Gabriel George POPA wrote:
I have two small questions:
1) When the OS generates too much messages, old messages are lost (oldest lines present in `dmesg` are lost).

`dmesg' displays the system message buffer, which has a limited space. Therefore, when it is full, it starts overwriting itself.
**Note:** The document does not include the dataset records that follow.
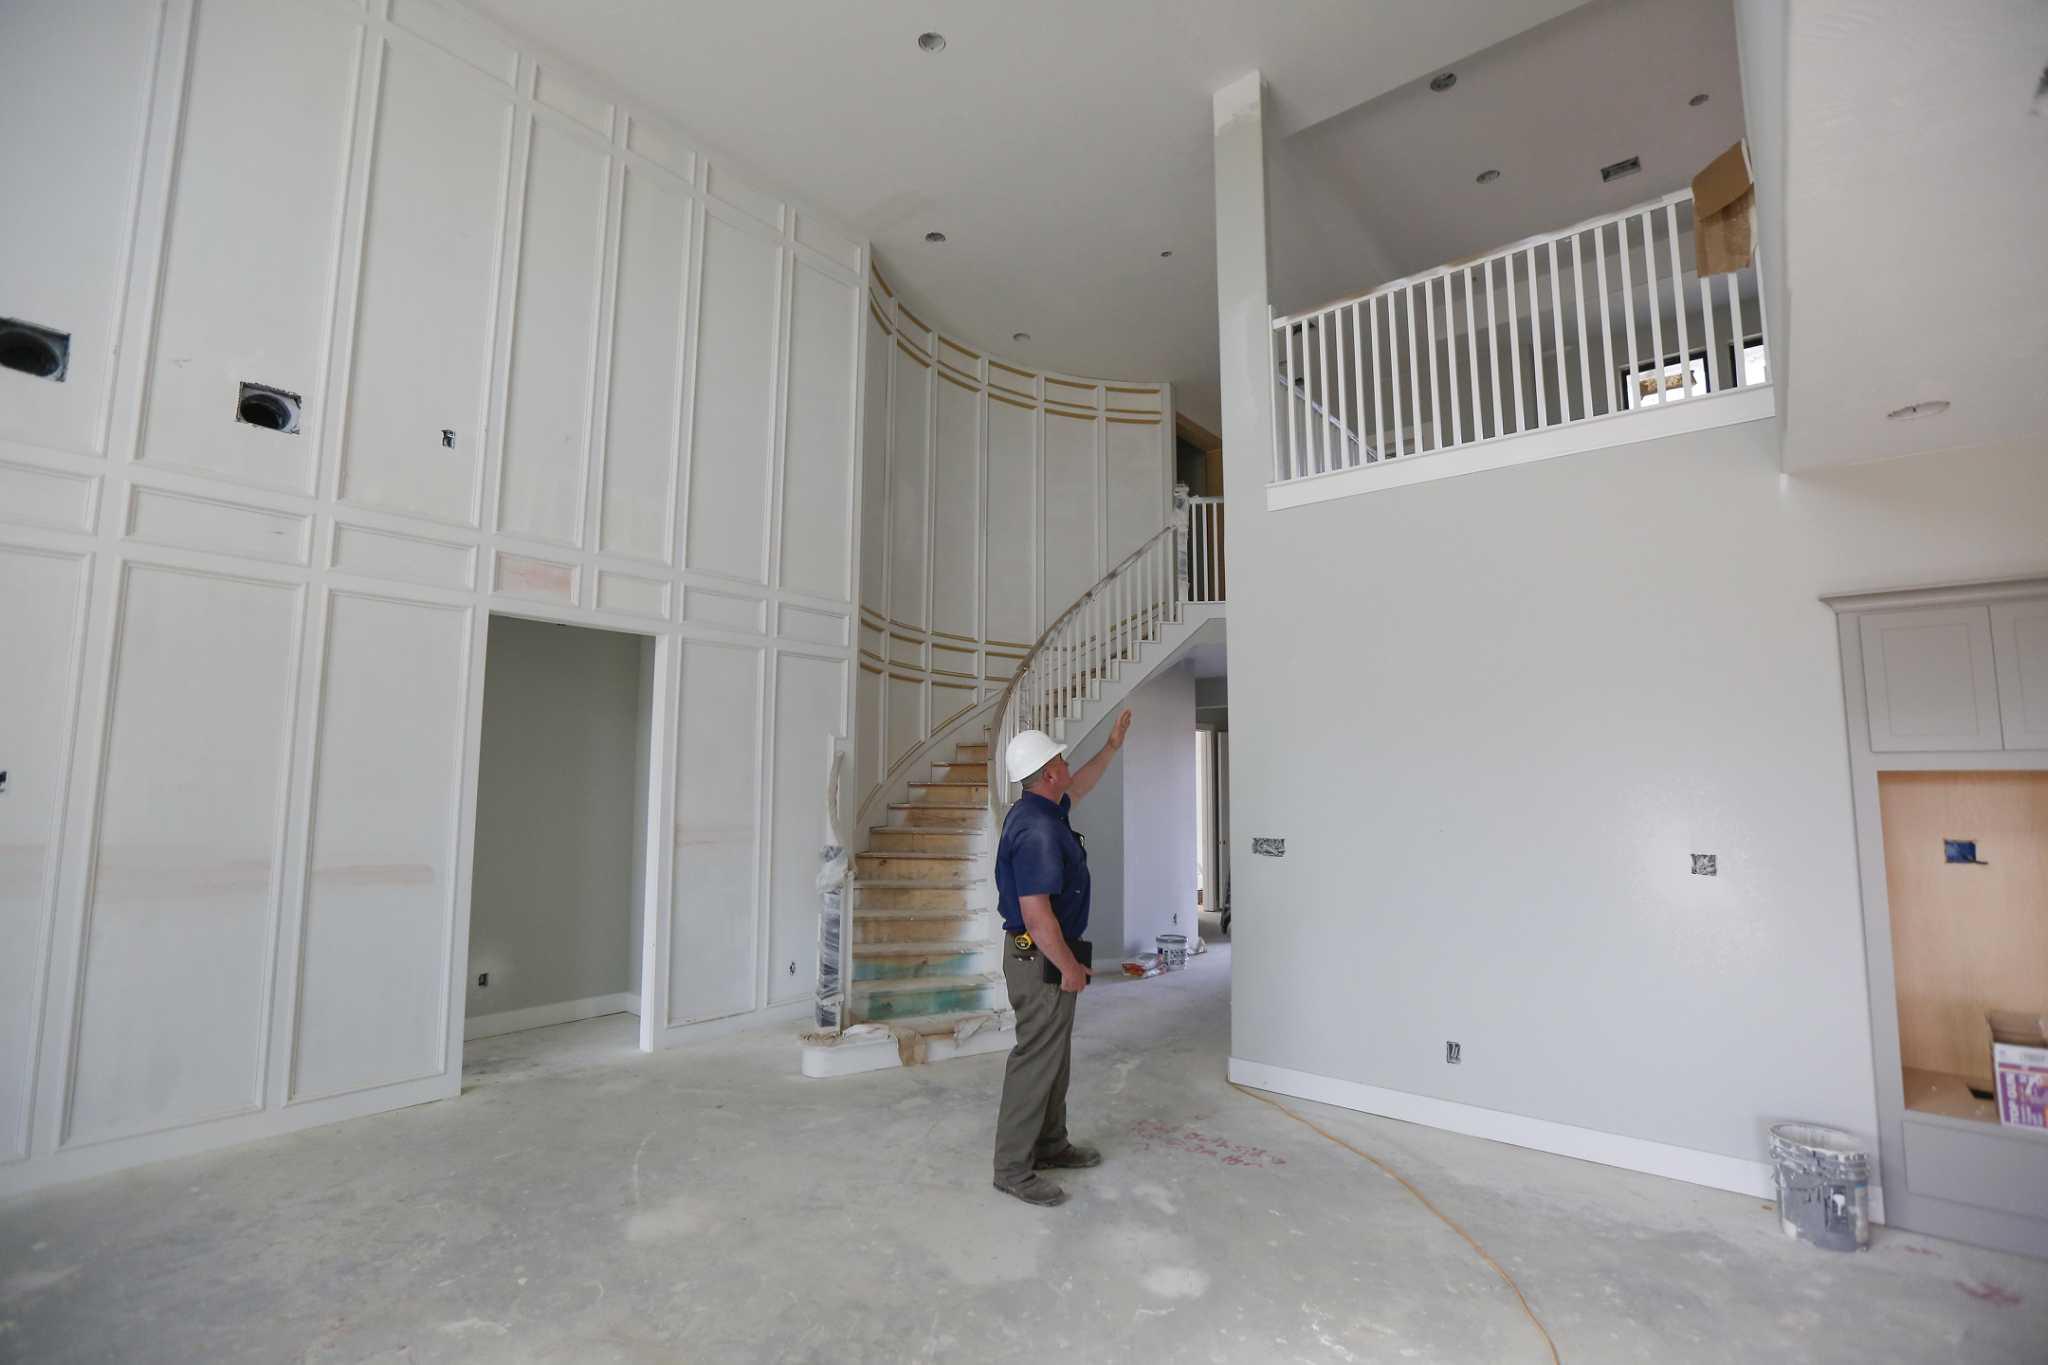 Homebuilders adjust to rising costs, shrinking margins
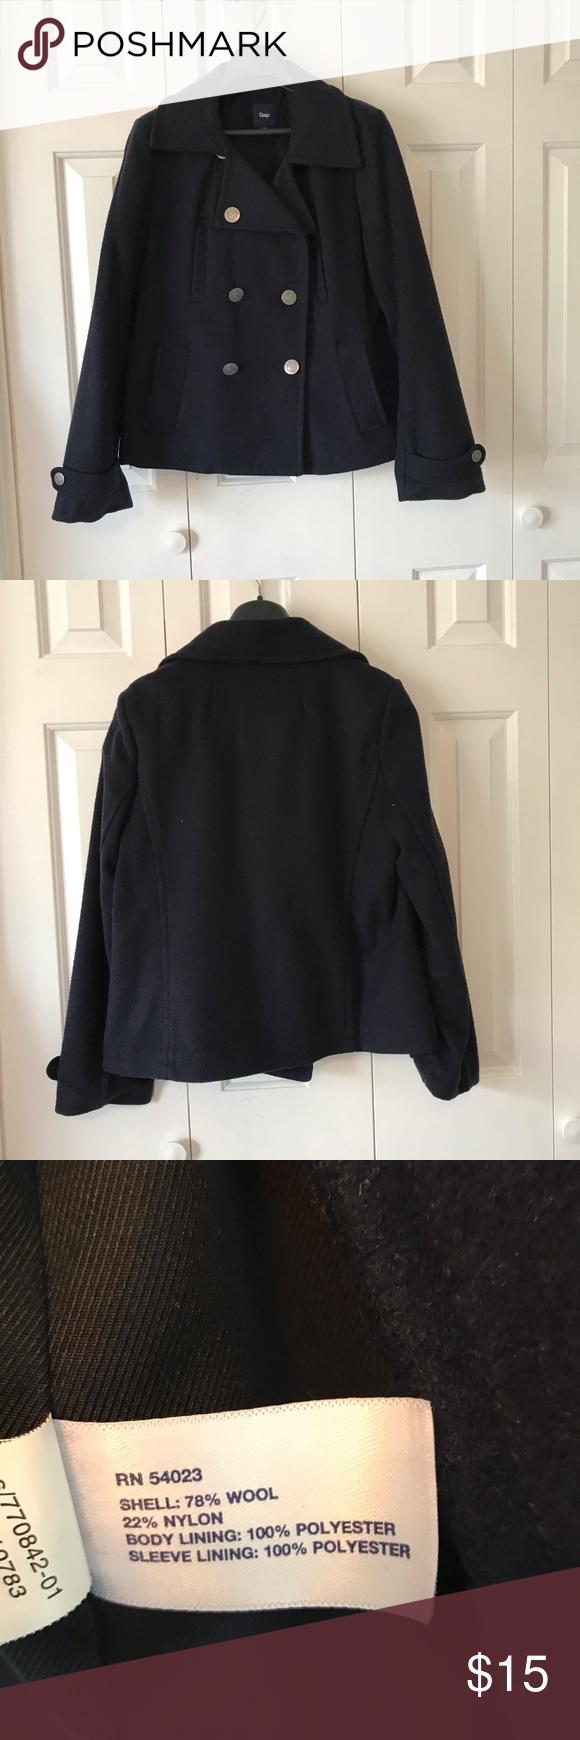 Gap Pea Coat Clothes Design Fashion Colorful Coat [ 1740 x 580 Pixel ]
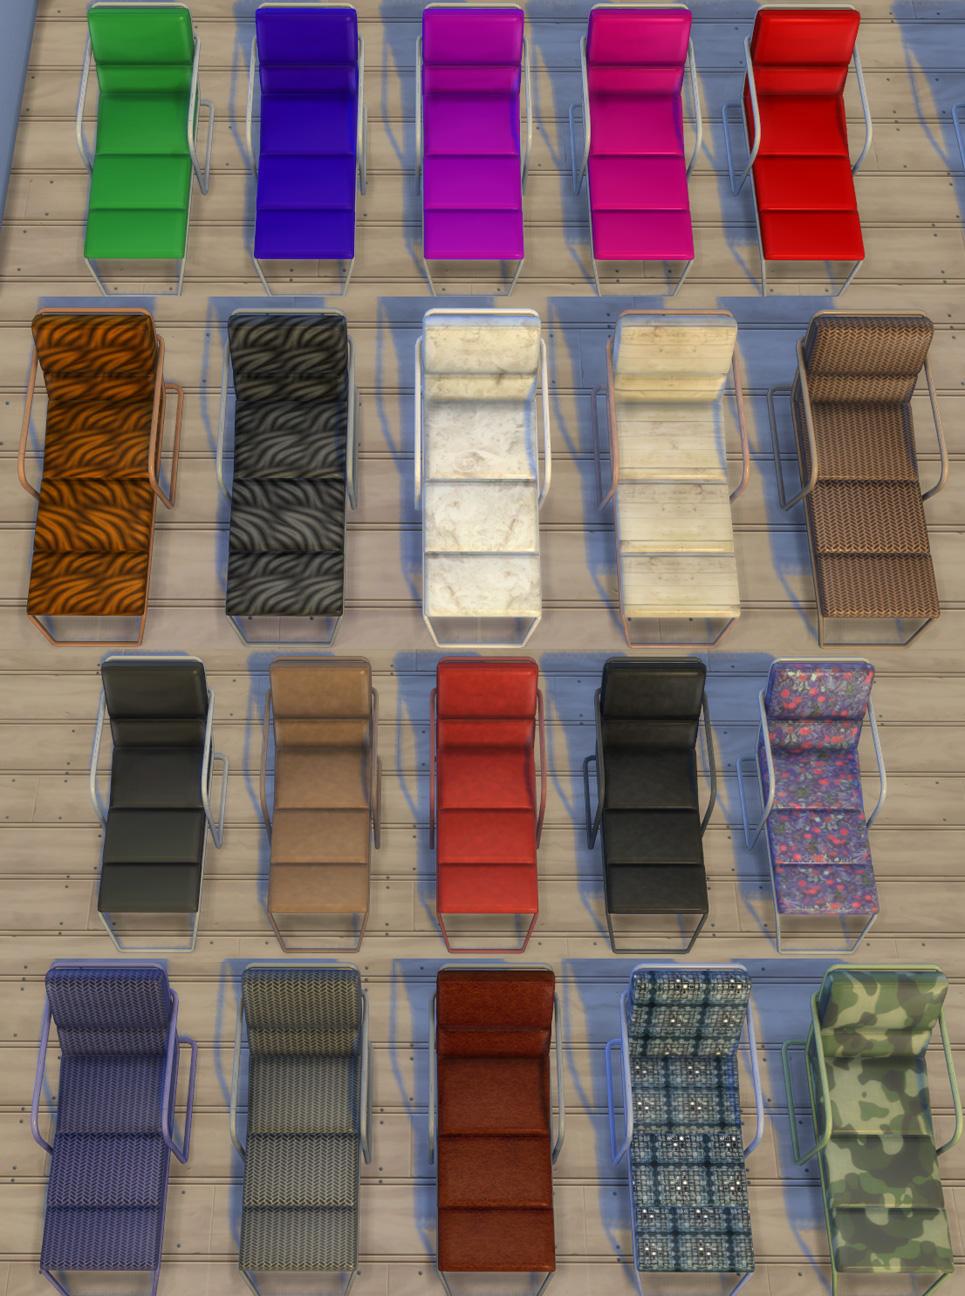 The Mod Functional Sims Lounge Chair A54jc3RLq
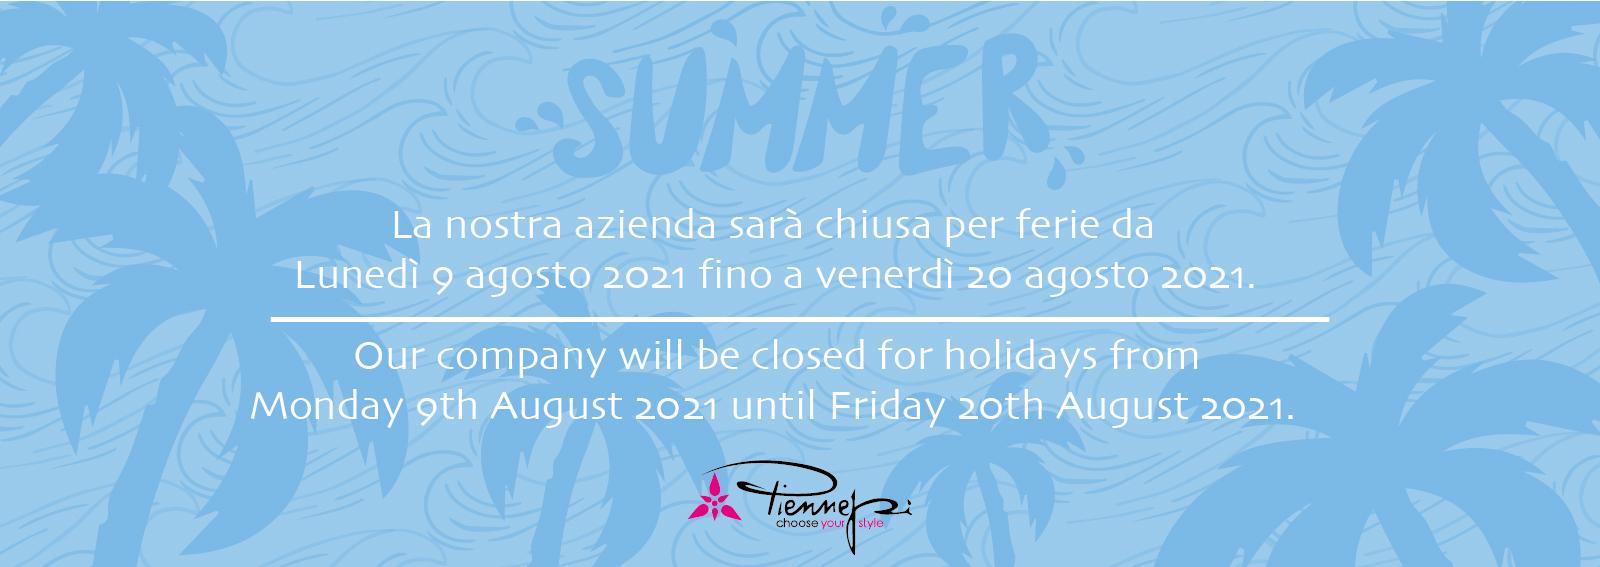 banner ferie estate-01
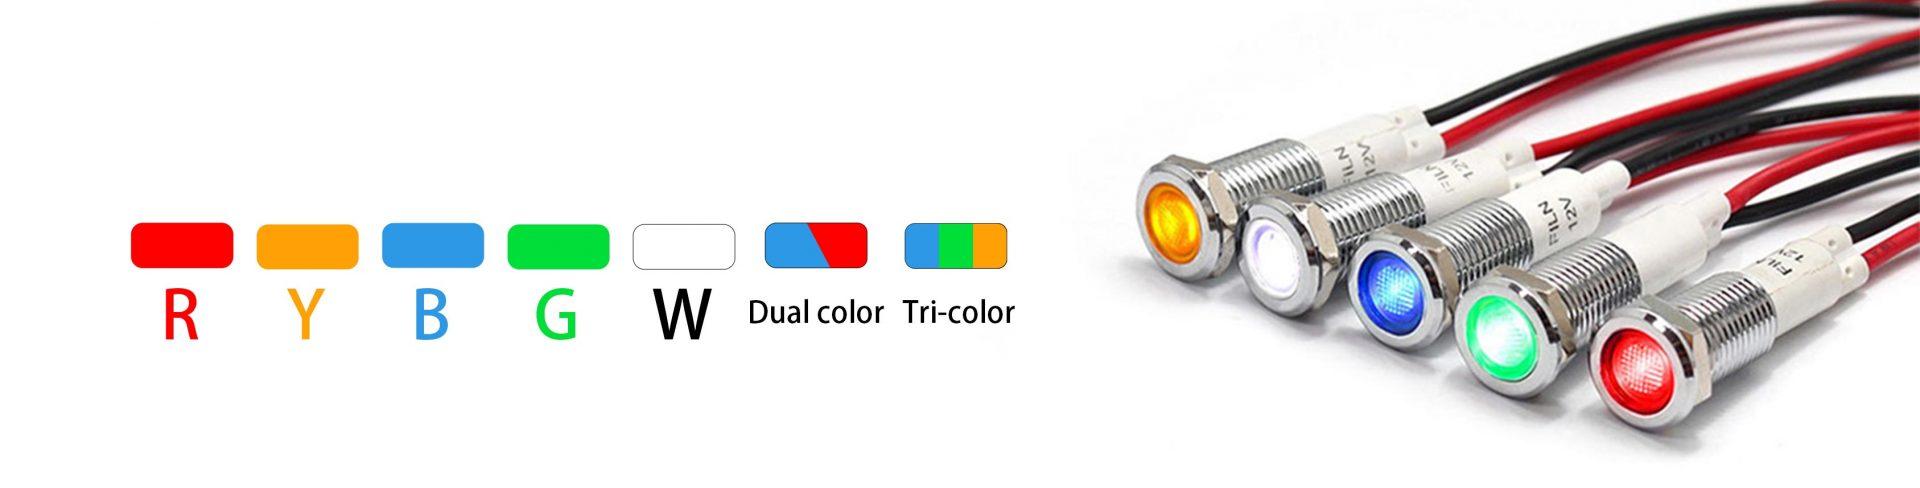 metal indicator lightss

Thus, lost messages are indeed lost.

What can I do to see ALL messages ever recorded for dmesg printing?

You could write some script that `dmesg > /some/where/$time` periodically (cron job).

More precisely, take a look at my `dmesg`:
# dmesg
arp info overwritten for 193.231.39.129 by 00:90:bf:10:88:40 on vr0
arp info overwritten for 193.231.39.129 by 00:10:dc:4c:6f:6c on vr0
arp info overwritten for 193.231.39.36 by 00:15:f2:16:f8:b4 on vr0
arp info overwritten for 193.231.39.54 by 00:e0:29:9b:bc:6c on vr0
...
(and a lot of other similar messages, similar if not even identical)

Most questions on this mail list require me to provide a valid output of dmesg. But if old messages are erased, how am I
supposed to do this?

$ cat /var/run/dmesg.boot

I am not allowed to reboot the machine! The machine is supposed to be running 24/7, NO reboot allowed.

Isn't this machine ever upgraded? Or, if it is so important - what about redundancy? Well well.

2) What do these lines mean (the lines I copied above from the output of `dmesg`)?

I'd say some machines are fighting over the same ip address. I could be wrong, though. Don know, but I get a feeling that some failover solution(s) could cause this.